_Work required_
Write the listing out again exactly as it stands, with no images.

_Exercise data_
┏━━

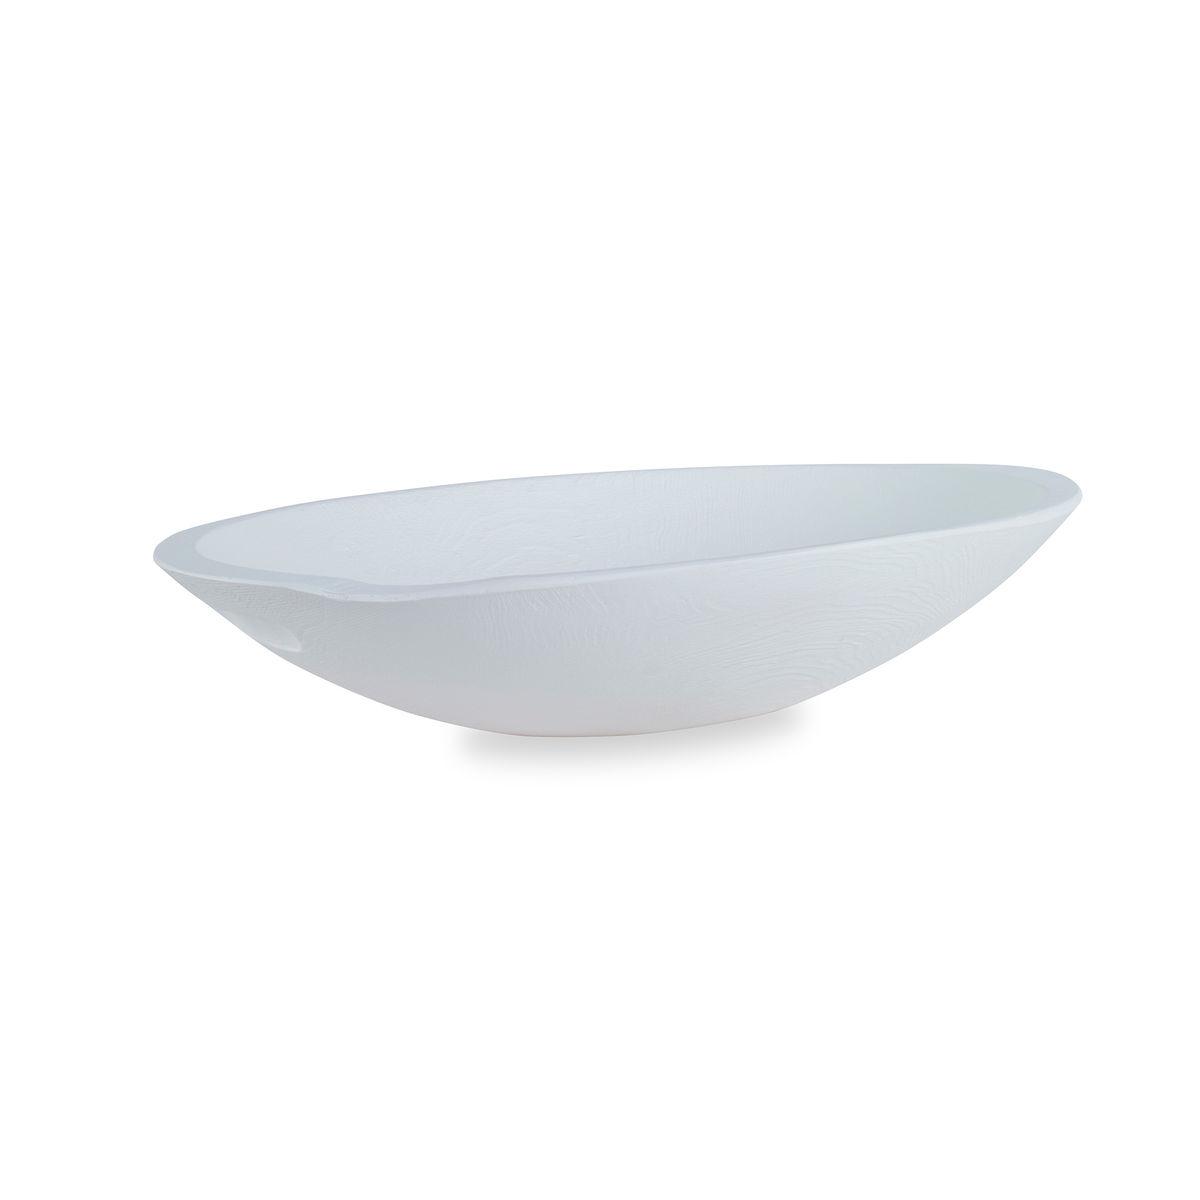 Levain Dough Bowl, White
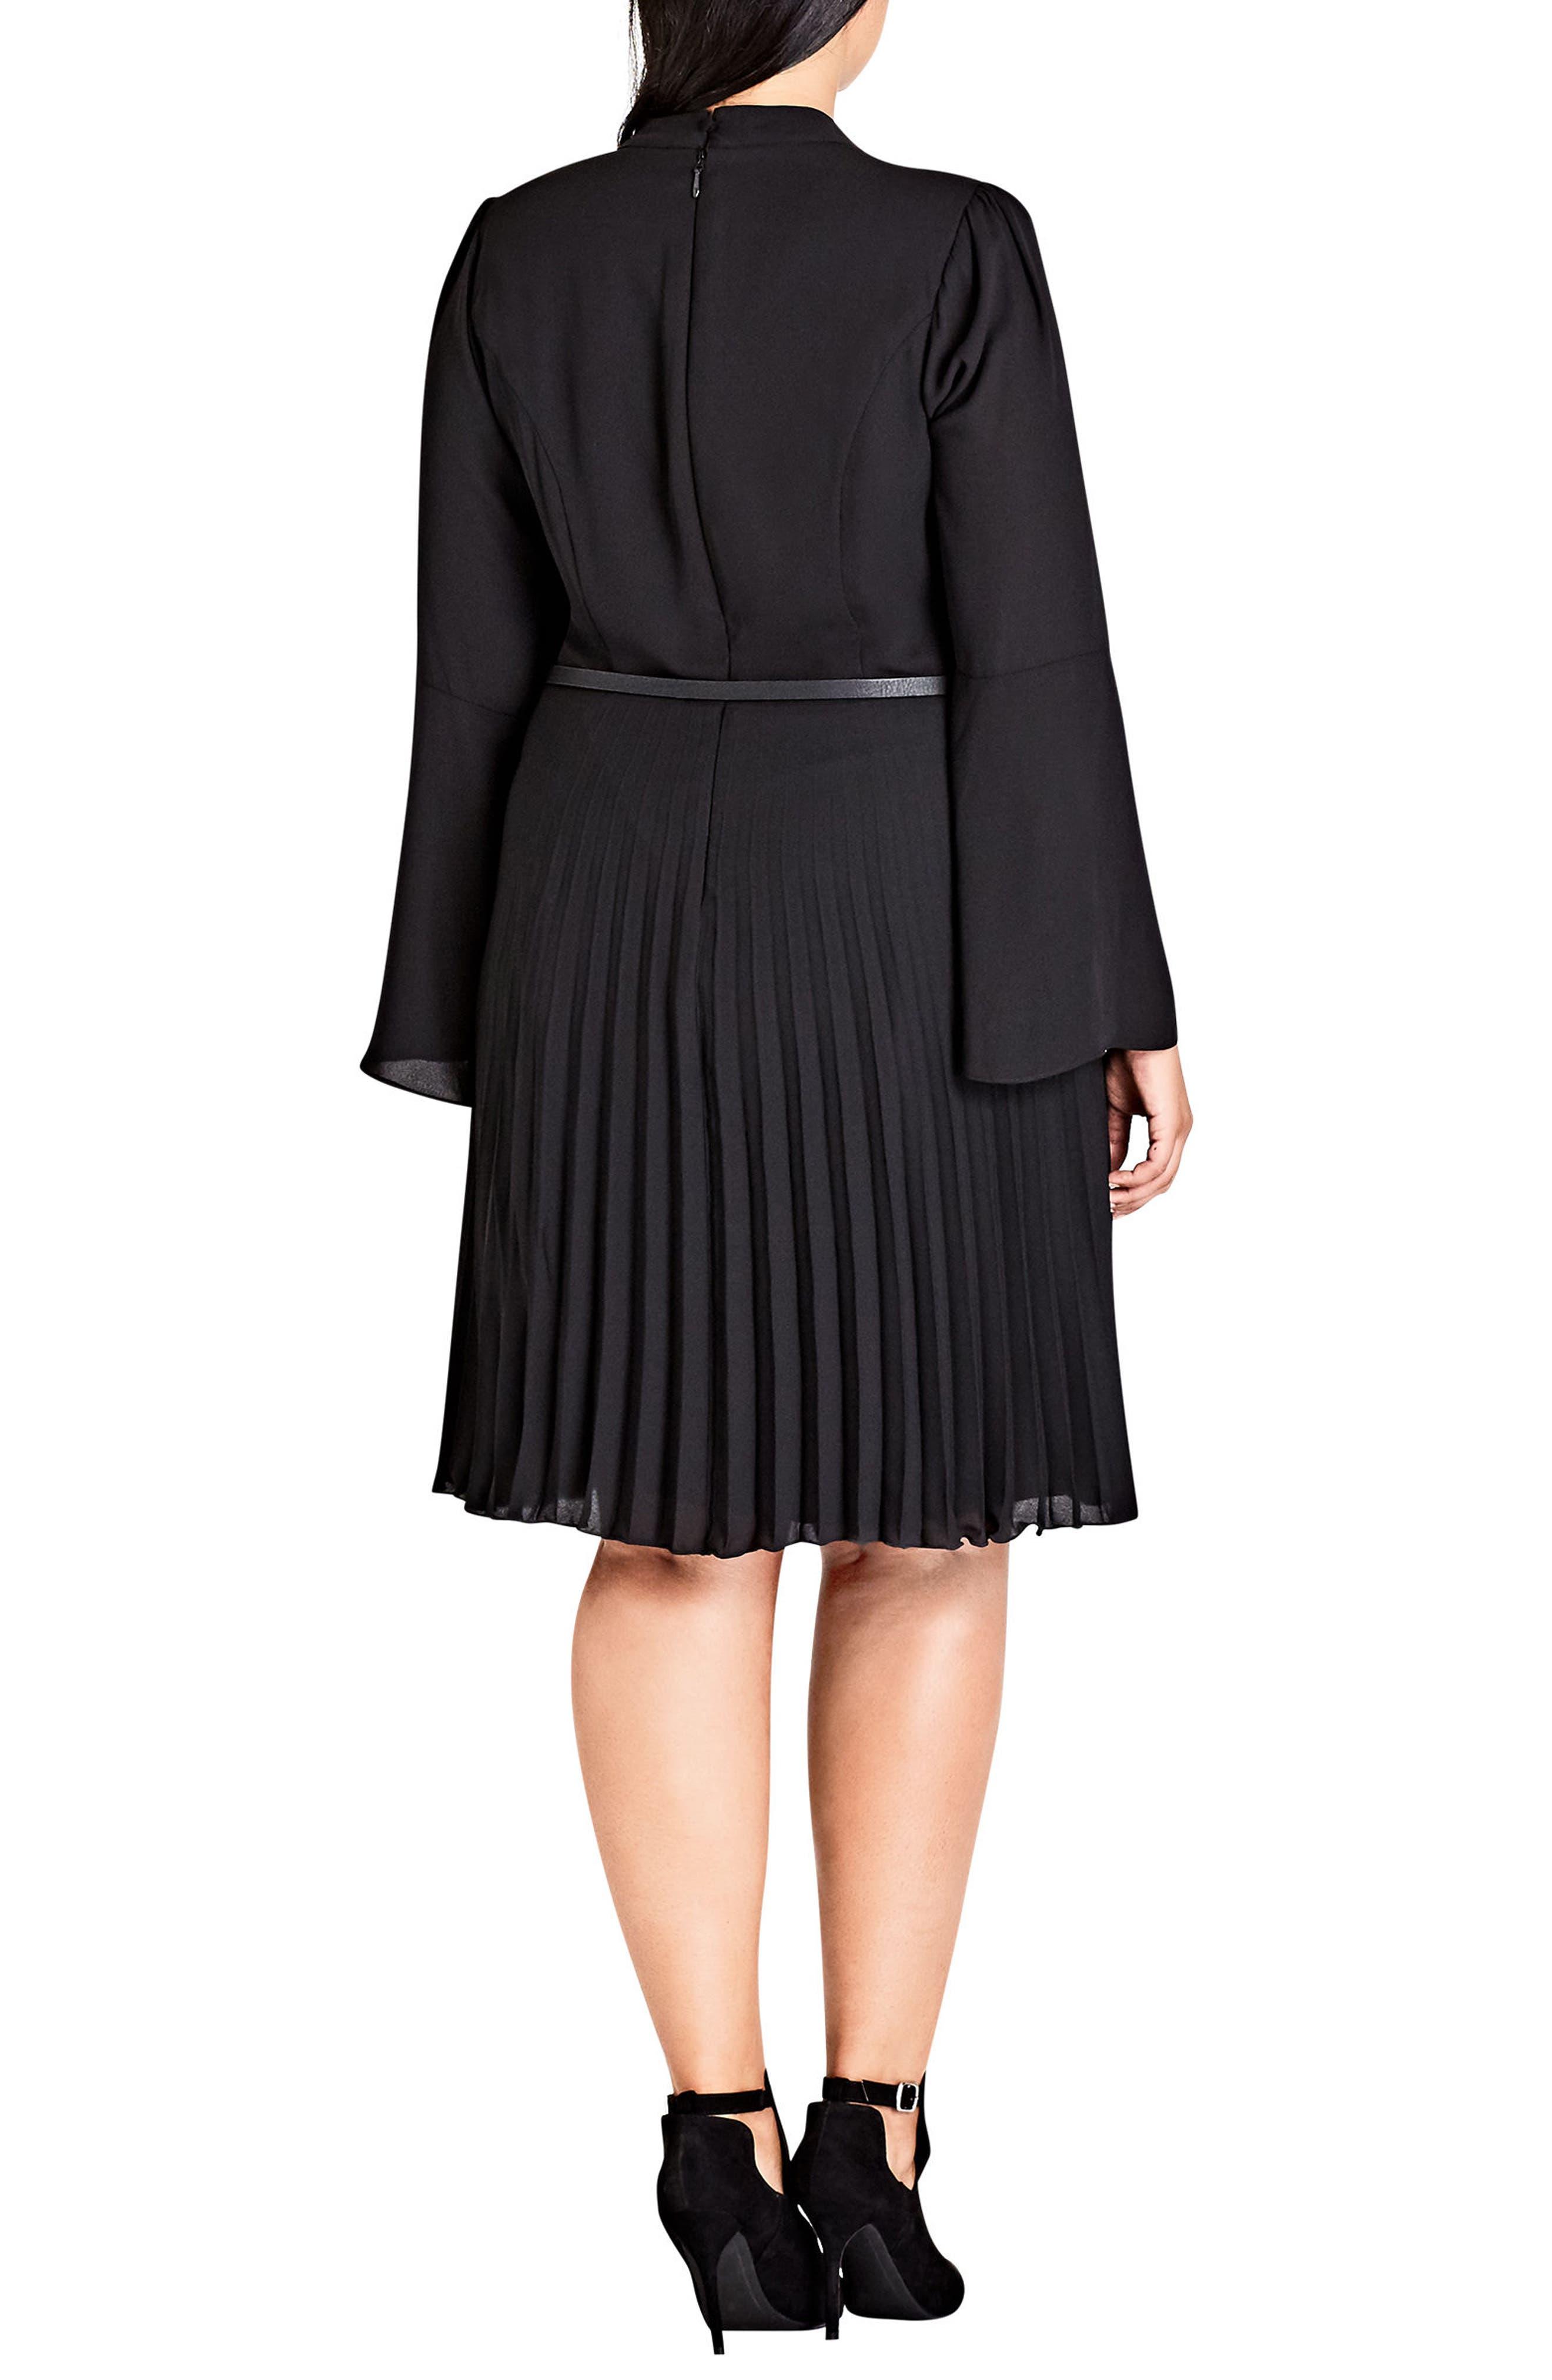 Praise Me Bell Sleeve Choker Neck Dress,                             Alternate thumbnail 2, color,
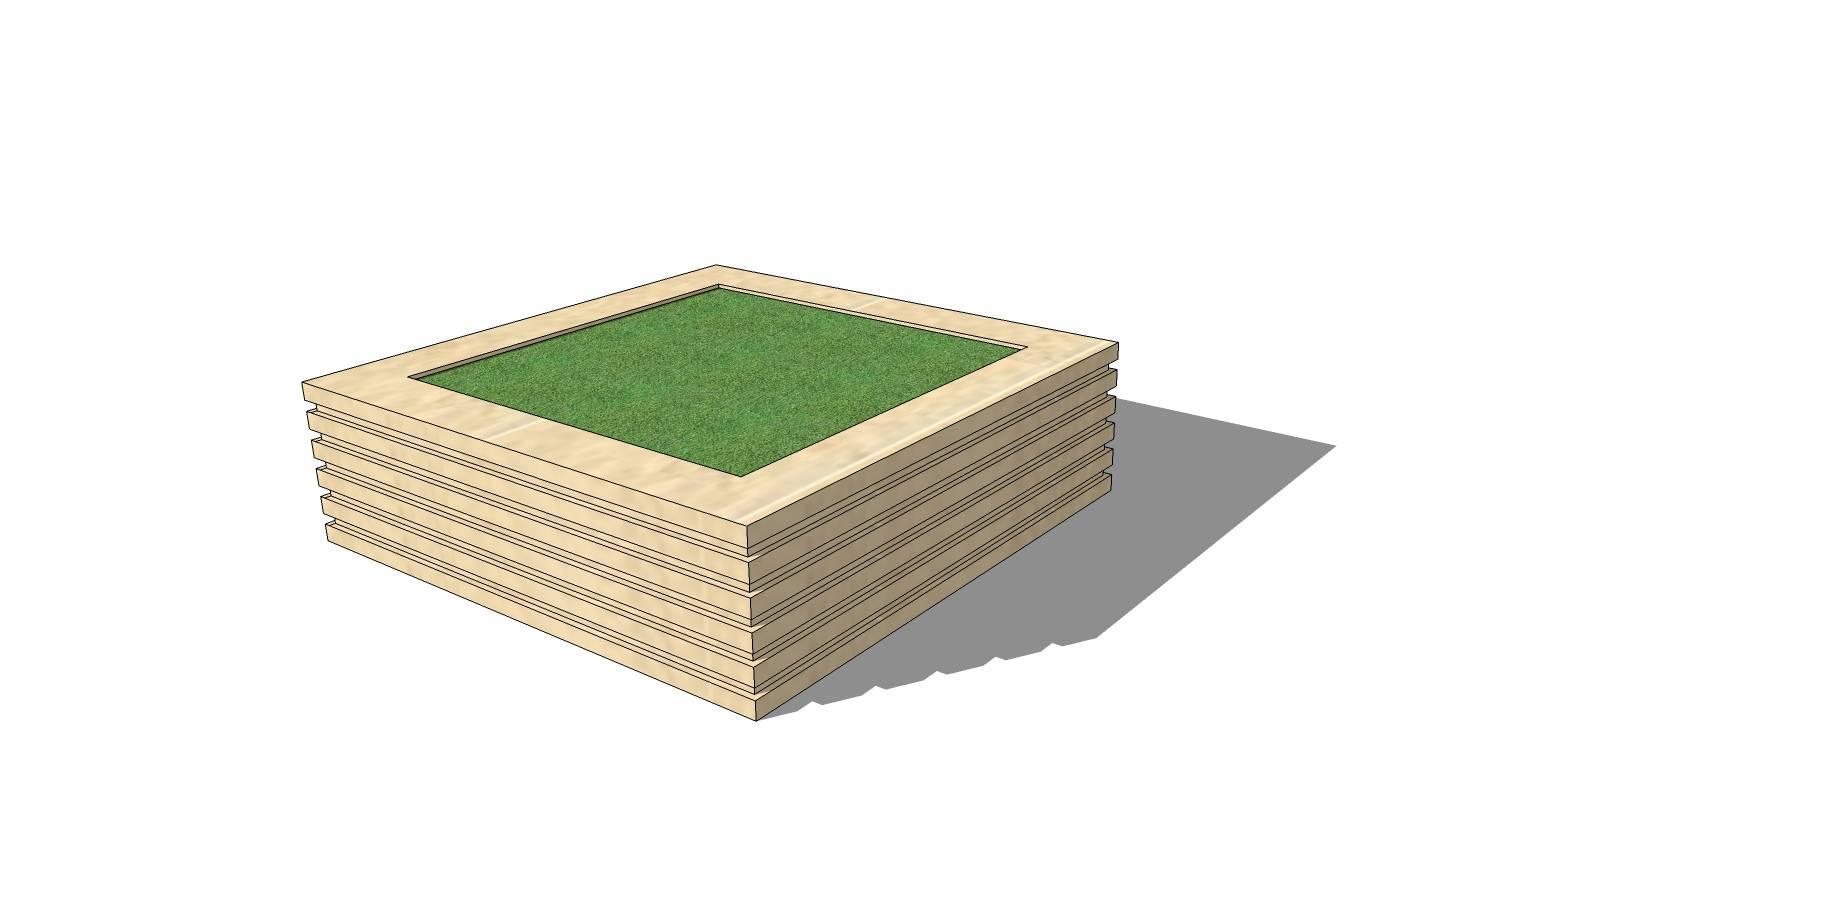 石质矩形线条种植池座椅SU模型

┗━━

_Answer to this problem_
 Levain Dough Bowl, White
 Praise Me Bell Sleeve Choker Neck Dress,                             Alternate thumbnail 2, color,
 石质矩形线条种植池座椅SU模型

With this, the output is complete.